深入学习 Python threading 模块，掌握多线程编程的核心技术和最佳实践

分类: basics 难度: 中级更新: 2024-01-15

多线程 threading Thread 线程池 ThreadPoolExecutor 线程锁

Python 多线程编程

📝 概述

Python 的 threading 模块提供了强大的多线程编程支持，允许程序同时执行多个任务。多线程特别适用于 I/O 密集型任务，如文件读写、网络请求等。本文档详细介绍了 threading 模块的核心功能，包括线程创建、线程池、线程同步和锁机制等。

🎯 学习目标

掌握 Python threading 模块的基本使用
理解线程的创建方式和生命周期管理
学会使用线程池 ThreadPoolExecutor 进行批量任务处理
掌握各种线程锁机制确保线程安全
理解脏数据产生的原因和解决方案

📋 前置知识

Python 基础语法和面向对象编程
函数定义和调用
并发编程基本概念
异常处理机制

🔍 详细内容

Thread 对象

线程的创建方式

方式1：继承 Thread 类

import threading
import time

class MyThread(threading.Thread):
    def __init__(self, name):
        super().__init__()
        self.name = name
    
    def run(self):
        """线程执行的主要逻辑"""
        for i in range(5):
            print(f"线程 {self.name} 正在执行第 {i+1} 次")
            time.sleep(1)

# 创建并启动线程
thread1 = MyThread("线程1")
thread2 = MyThread("线程2")

thread1.start()
thread2.start()

# 等待线程完成
thread1.join()
thread2.join()

print("所有线程执行完成")

方式2：直接注入任务函数

import threading
import time

def worker_task(name, count):
    """工作任务函数"""
    for i in range(count):
        print(f"工作线程 {name} 执行第 {i+1} 次任务")
        time.sleep(0.5)

# 创建线程对象
thread1 = threading.Thread(target=worker_task, args=("A", 3))
thread2 = threading.Thread(target=worker_task, args=("B", 3))

# 启动线程
thread1.start()
thread2.start()

# 等待线程完成
thread1.join()
thread2.join()

print("任务完成")

Thread 对象参数

参数名	类型	说明
`target`	callable	线程要执行的目标函数
`args`	tuple	传递给目标函数的位置参数
`kwargs`	dict	传递给目标函数的关键字参数
`name`	str	线程名称，用于标识
`daemon`	bool	是否为守护线程

Thread 对象方法

import threading
import time

def sample_task():
    for i in range(3):
        print(f"执行任务 {i+1}")
        time.sleep(1)

# 创建线程
thread = threading.Thread(target=sample_task, name="示例线程")

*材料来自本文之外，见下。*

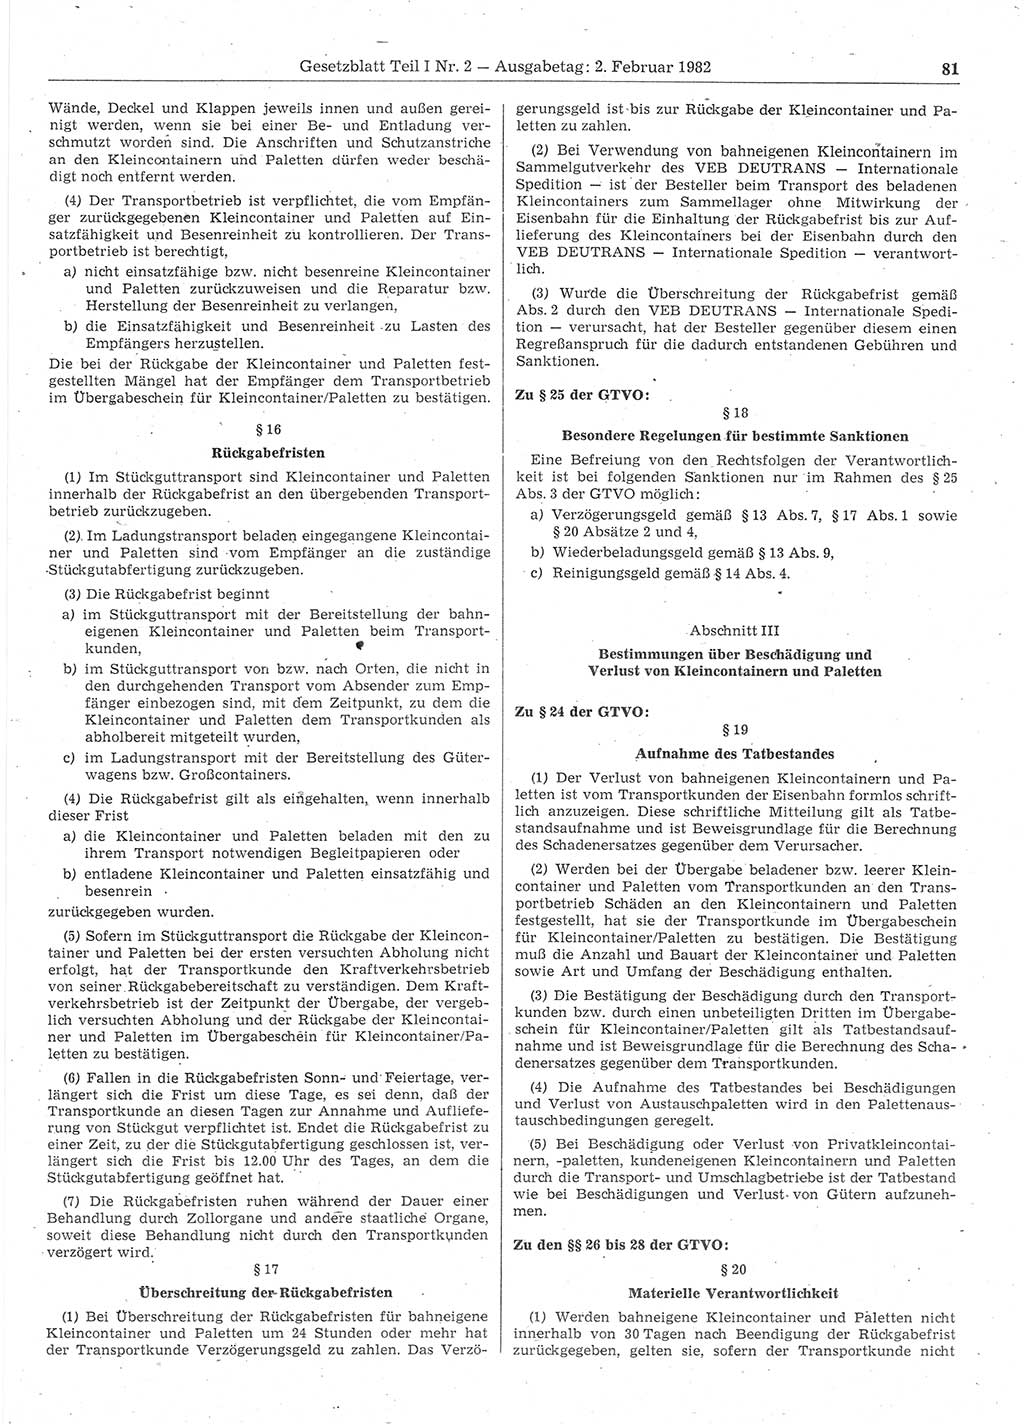 Gesetzblatt (GBl.) der Deutschen Demokratischen Republik (DDR) Teil Ⅰ 1982, Seite 81 (GBl. DDR Ⅰ 1982, S. 81)

print(f"线程名称: {thread.name}")
print(f"线程ID: {thread.ident}")
print(f"是否存活: {thread.is_alive()}")

# 启动线程
thread.start()

# 检查线程状态
print(f"启动后是否存活: {thread.is_alive()}")

# 等待线程完成
thread.join()

print(f"完成后是否存活: {thread.is_alive()}")

join() 方法详解

import threading
import time

def long_task(task_name, duration):
    print(f"{task_name} 开始执行")
    time.sleep(duration)
    print(f"{task_name} 执行完成")

# 创建多个线程
threads = []
for i in range(3):
    thread = threading.Thread(
        target=long_task, 
        args=(f"任务{i+1}", 2)
    )
    threads.append(thread)
    thread.start()

print("所有线程已启动")

# 等待所有线程完成
for thread in threads:
    thread.join()

print("所有任务执行完成")

setDaemon() 守护线程

import threading
import time

def daemon_task():
    """守护线程任务"""
    count = 0
    while True:
        count += 1
        print(f"守护线程运行中... {count}")
        time.sleep(1)

def main_task():
    """主任务"""
    for i in range(5):
        print(f"主任务执行 {i+1}")
        time.sleep(0.5)

# 创建守护线程
daemon_thread = threading.Thread(target=daemon_task)
daemon_thread.daemon = True  # 设置为守护线程
daemon_thread.start()

# 创建主任务线程
main_thread = threading.Thread(target=main_task)
main_thread.start()
main_thread.join()

print("主程序结束，守护线程也会自动结束")

线程池 ThreadPoolExecutor

基本使用

from concurrent.futures import ThreadPoolExecutor
import time

def process_item(item):
    """处理单个项目"""
    print(f"开始处理项目: {item}")
    time.sleep(1)  # 模拟处理时间
    result = f"项目{item}处理完成"
    print(result)
    return result

# 使用线程池
with ThreadPoolExecutor(max_workers=3) as executor:
    items = ['A', 'B', 'C', 'D', 'E']
    
    # 提交任务
    futures = [executor.submit(process_item, item) for item in items]
    
    # 获取结果
    for future in futures:
        result = future.result()
        print(f"获取结果: {result}")

as_completed() 方法

from concurrent.futures import ThreadPoolExecutor, as_completed
import time
import random

def download_file(filename):
    """模拟文件下载"""
    download_time = random.uniform(1, 3)
    time.sleep(download_time)
    return f"{filename} 下载完成，耗时 {download_time:.2f}s"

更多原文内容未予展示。